Pero hay más. De lo poco que dijo Lito Alfie hay un concepto a examinar: “Tenemos ventajas respecto de Europa, lo que nos da tiempo para estudiar mejoras”. Esto expresa que el análisis epidemiológico en el que se basa le dice que lo peor ya pasó; así lo sugiere también, por ejemplo, la anunciada reanudación de clases en escuelas rurales, que le da actualidad a la idea de que hay un fin a la vista para el calvario. Esto va en contra de mucha y fundada opinión científica y de diversas experiencias (entre ellas la del vecino Brasil, con la mecha prendida de la negligencia con que su presidente trata el tema de la covid-19), que afirma que lo peor está en verdad por venir. Lo cierto es que, como en la época feudal, estamos encerrados en nuestro castillito, sitiados por la horda de virus, y no habrá solución real hasta que un medicamento contenga la enfermedad en cada persona o se llegue a la vacuna.

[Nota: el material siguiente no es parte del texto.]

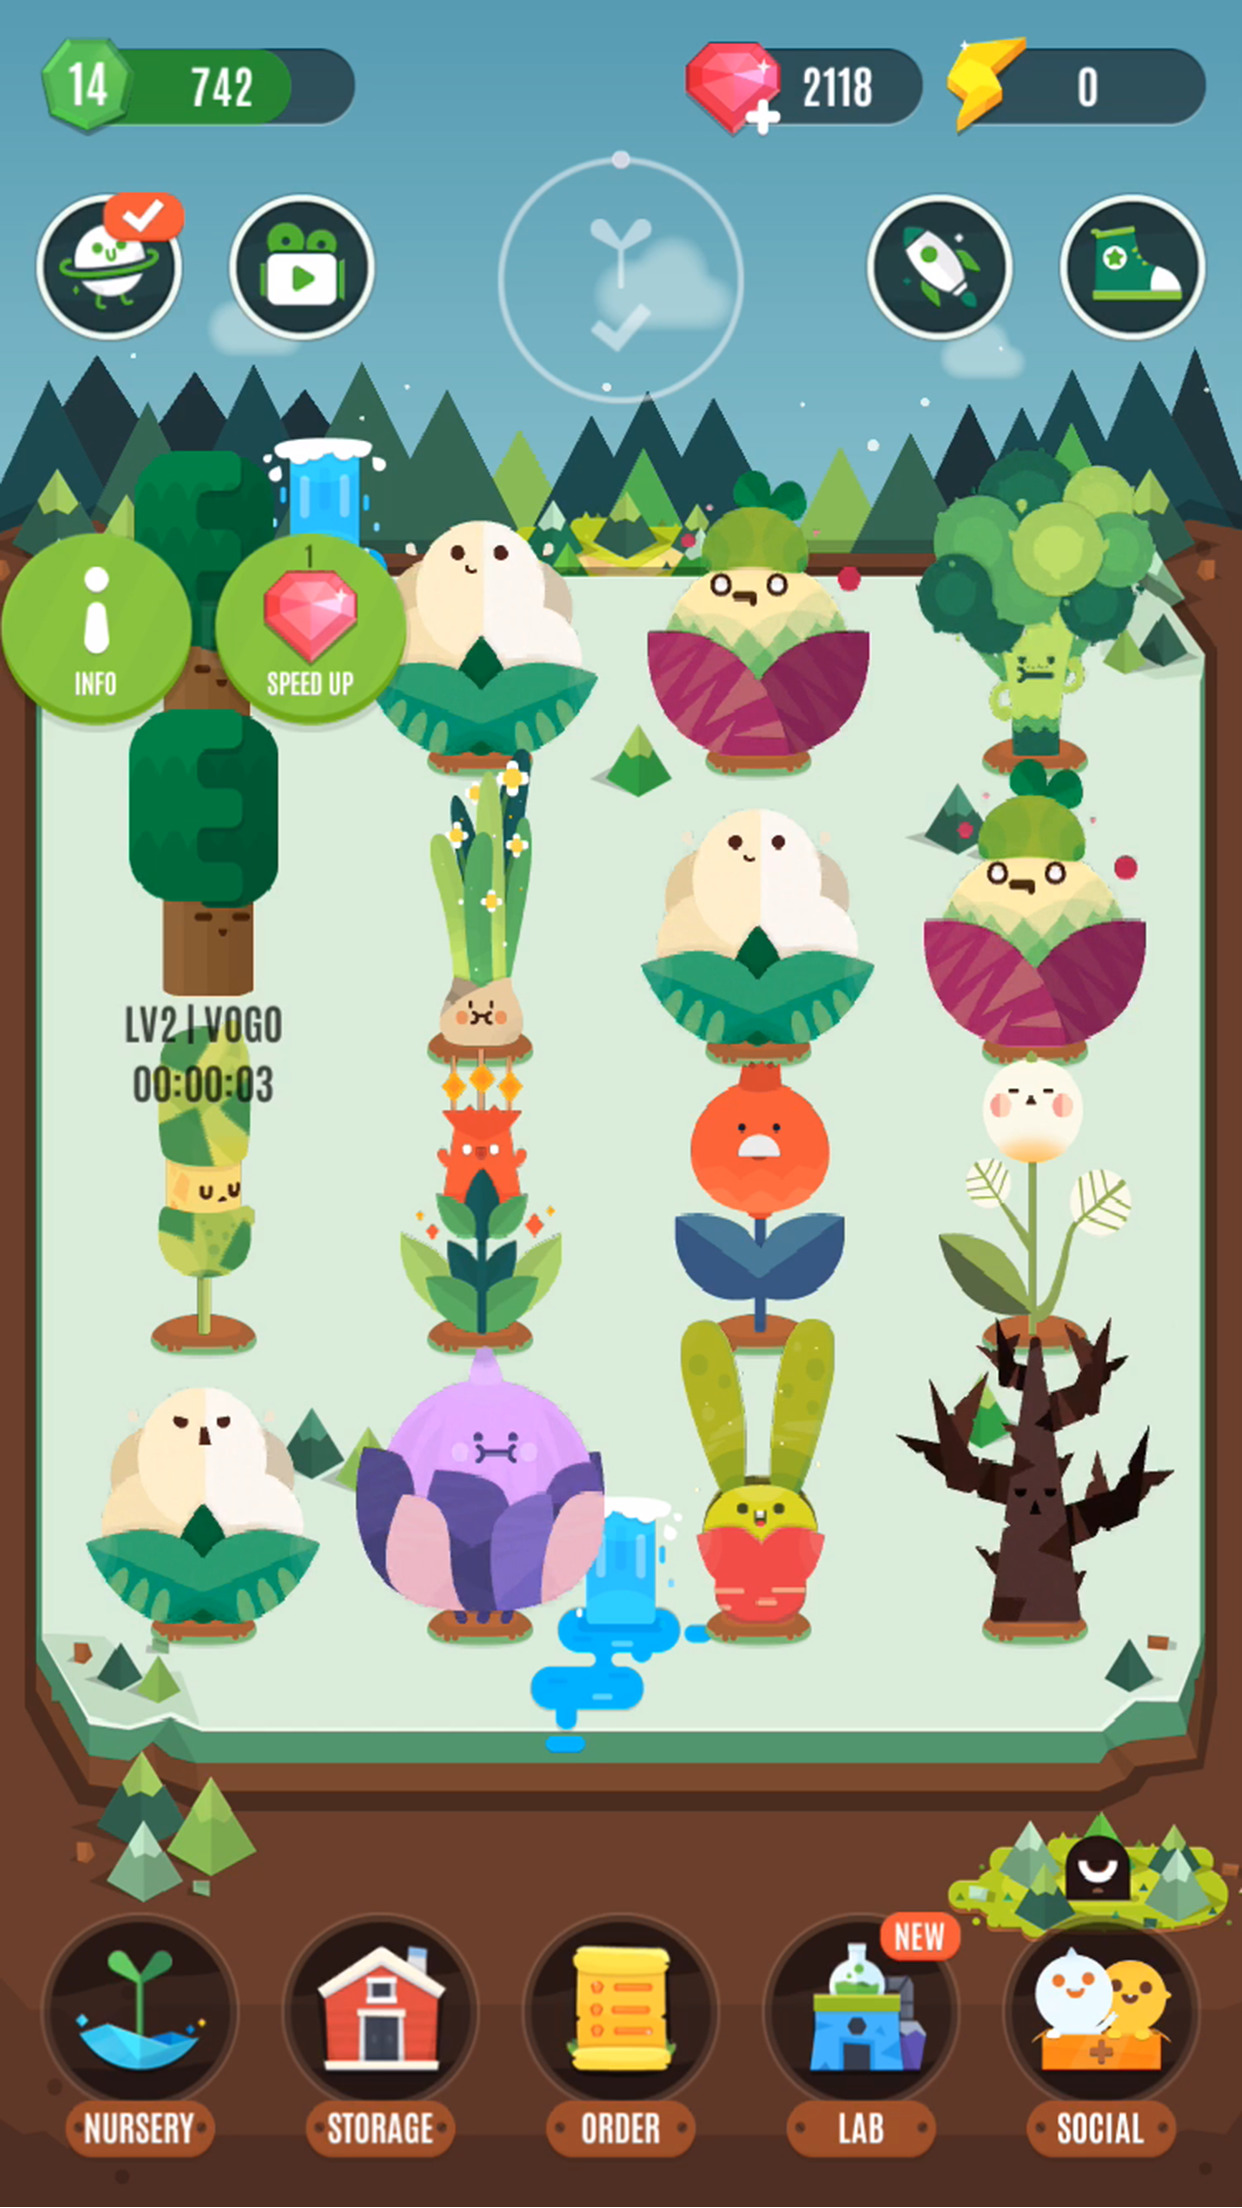 口袋植物：Pocket Plants有哪些活动？求活动介绍

De este castillito sitiado, el gobierno quiere que Uruguay salte a la nueva modernidad que plantea, por ejemplo, Henry Kissinger en su texto de The Wall Street Journal del 3 de abril: esta pandemia alterará para siempre el orden mundial, pues es más compleja que la crisis económica de 2008, por provocar una contracción más veloz y más global. Como Kissinger, este gobierno quiere avanzar a un programa de colaboración global, pero lo hace sin abordar las necesidades del momento. La tranquilidad que se propuso transmitir Lacalle en conferencia de prensa sobre la sobrada capacidad sanitaria del país para enfrentar la pandemia expresó ese salto al vacío, en un país que tuvo que unir a la Administración de los Servicios de Salud del Estado, el Institut Pasteur y a Universidad de la República para poder procesar test de detección de covid-19, y en el que es un problema fabricar hisopos.